Work to complete: What you return must be an exact copy of the lines in the listing below between the line holding "Baňky Baňky jsou" and the line holding "Wilson NBA Drv Bskt Mini - Pink (sz. 3)", inclusive, and nothing more.

Extracted material:

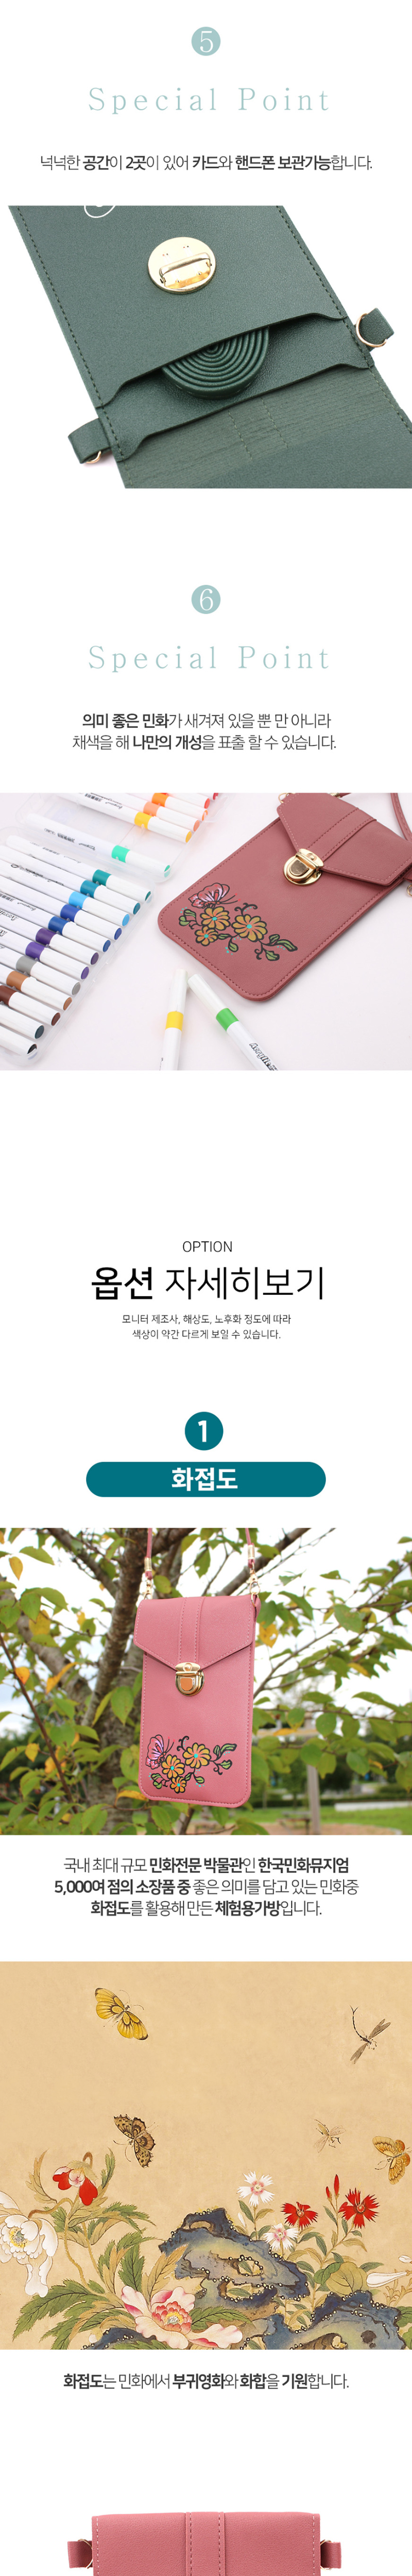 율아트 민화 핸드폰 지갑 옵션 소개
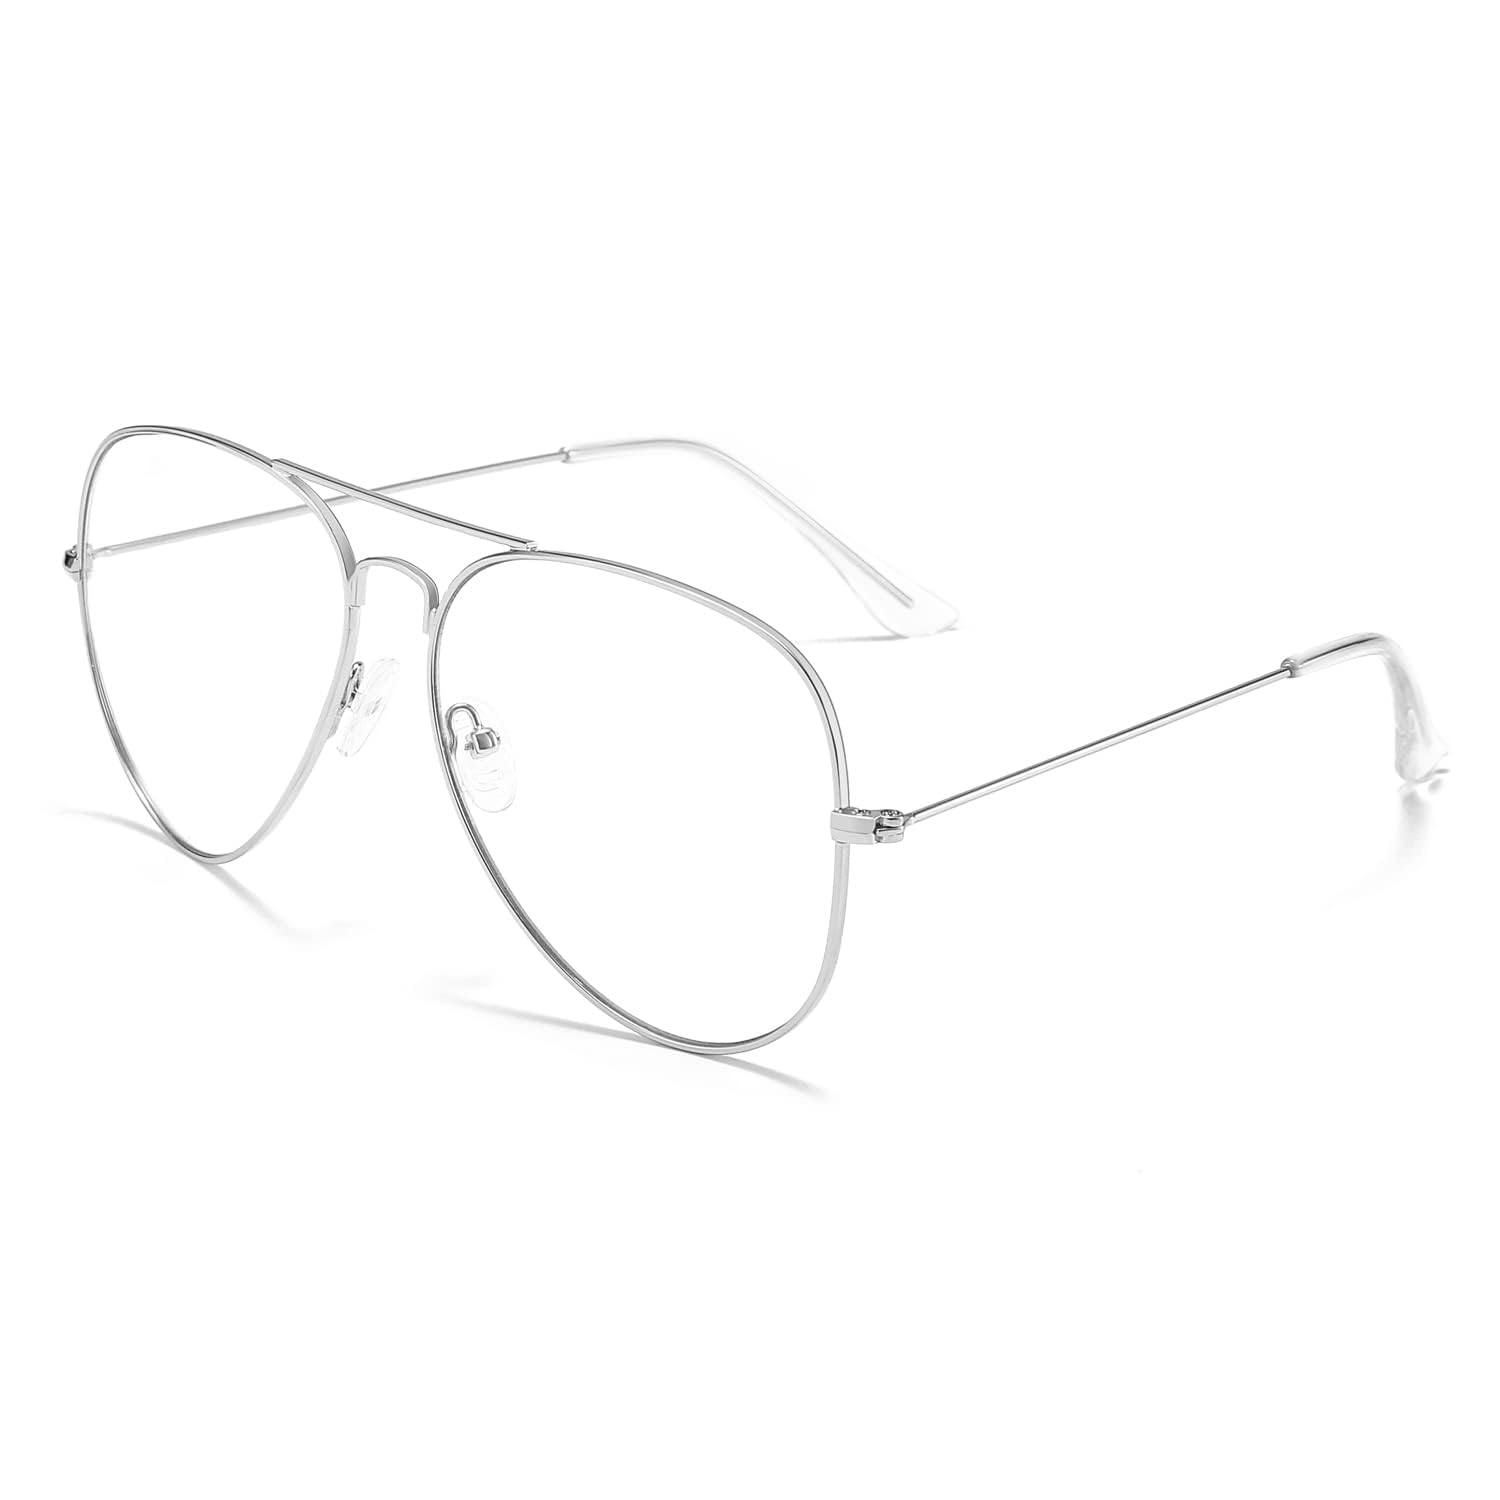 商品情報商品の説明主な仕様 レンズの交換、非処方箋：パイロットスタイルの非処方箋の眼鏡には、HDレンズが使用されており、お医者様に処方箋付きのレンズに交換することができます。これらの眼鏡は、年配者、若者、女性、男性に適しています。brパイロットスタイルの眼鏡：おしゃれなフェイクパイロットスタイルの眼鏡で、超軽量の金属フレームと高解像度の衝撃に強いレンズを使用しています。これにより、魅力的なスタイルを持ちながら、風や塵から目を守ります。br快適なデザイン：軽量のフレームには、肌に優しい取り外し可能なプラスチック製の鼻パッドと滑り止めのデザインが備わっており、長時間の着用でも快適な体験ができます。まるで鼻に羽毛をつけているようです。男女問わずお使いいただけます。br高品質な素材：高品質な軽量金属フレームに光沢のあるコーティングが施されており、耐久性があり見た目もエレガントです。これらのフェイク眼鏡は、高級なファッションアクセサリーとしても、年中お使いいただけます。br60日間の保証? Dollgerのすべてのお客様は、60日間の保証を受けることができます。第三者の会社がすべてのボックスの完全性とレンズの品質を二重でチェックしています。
...
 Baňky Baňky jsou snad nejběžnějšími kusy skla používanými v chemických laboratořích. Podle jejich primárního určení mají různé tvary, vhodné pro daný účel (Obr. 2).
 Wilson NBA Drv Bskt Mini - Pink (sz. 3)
* * *
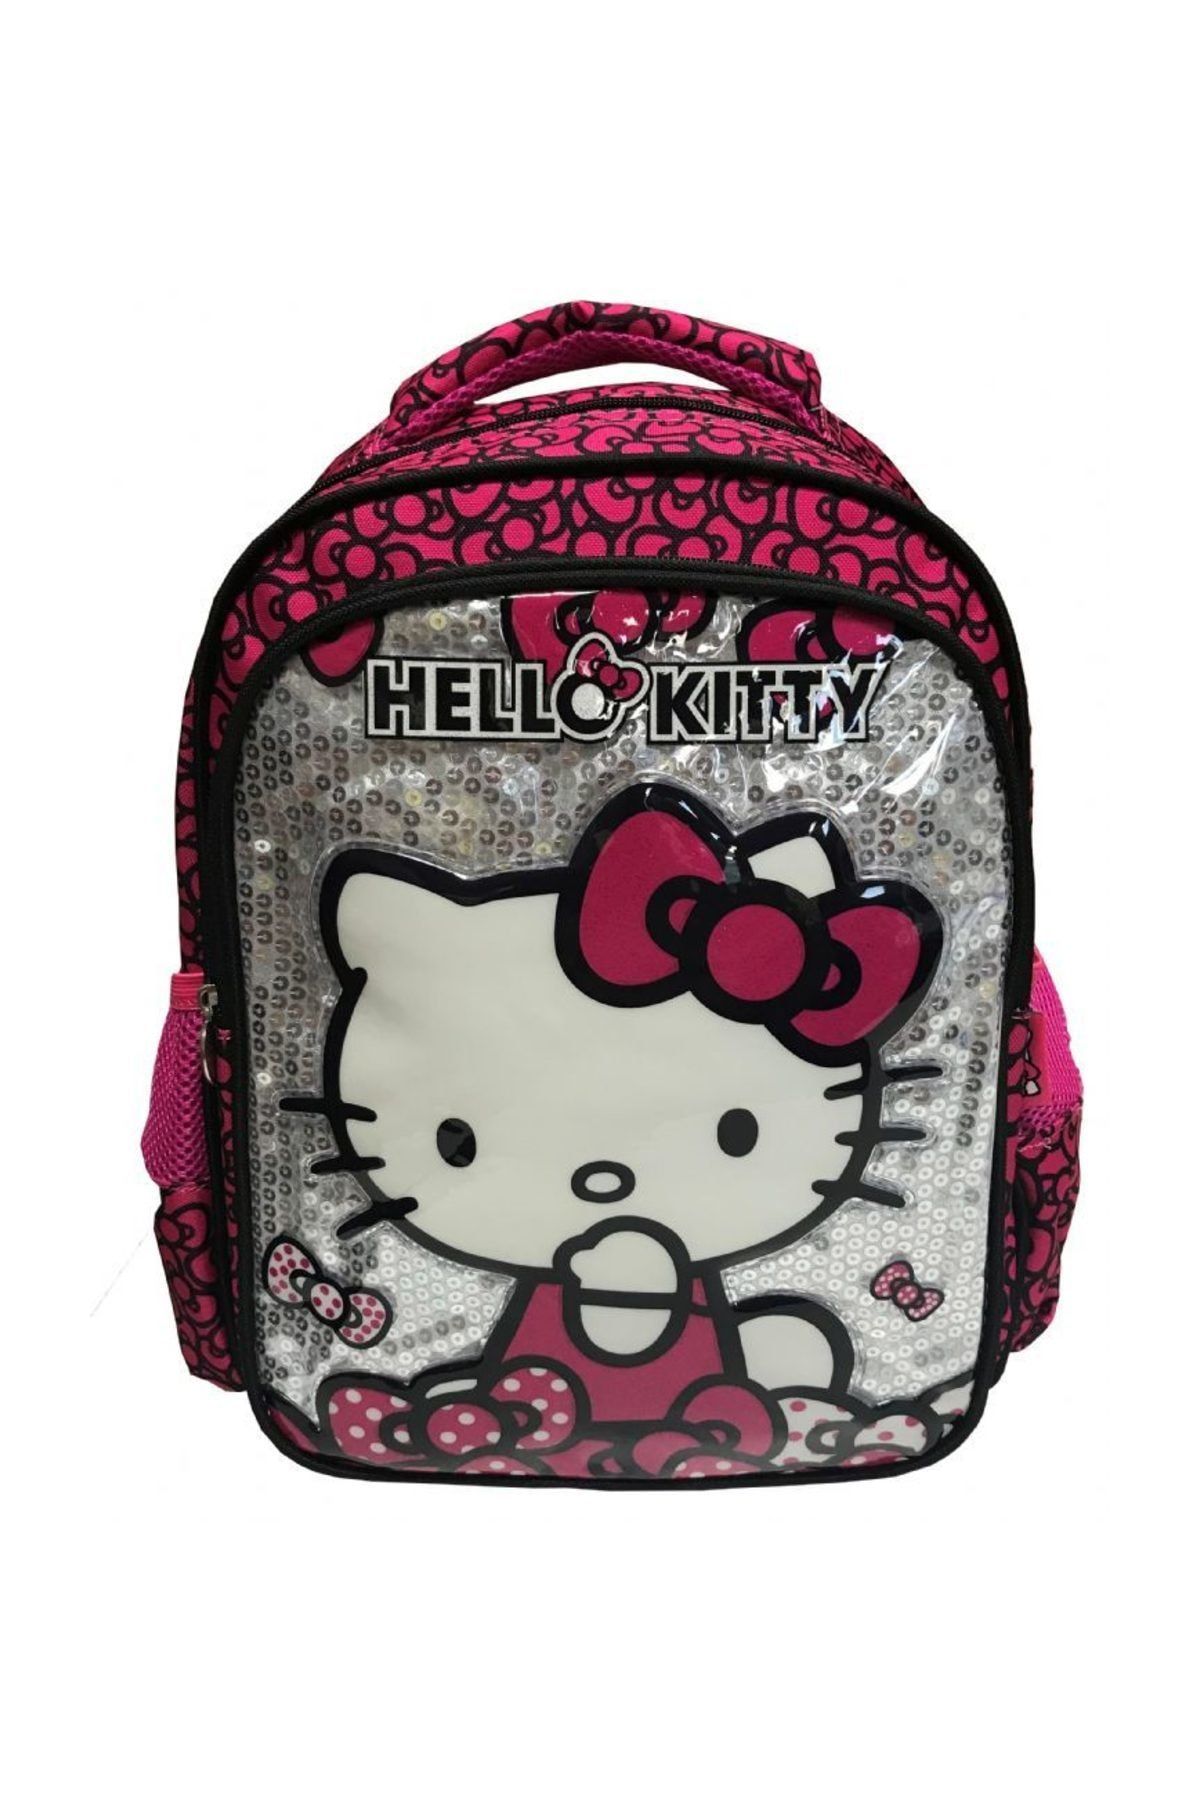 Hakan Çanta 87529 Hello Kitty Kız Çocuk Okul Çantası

Exercise response:
 Baňky Baňky jsou snad nejběžnějšími kusy skla používanými v chemických laboratořích. Podle jejich primárního určení mají různé tvary, vhodné pro daný účel (Obr. 2).
 Wilson NBA Drv Bskt Mini - Pink (sz. 3)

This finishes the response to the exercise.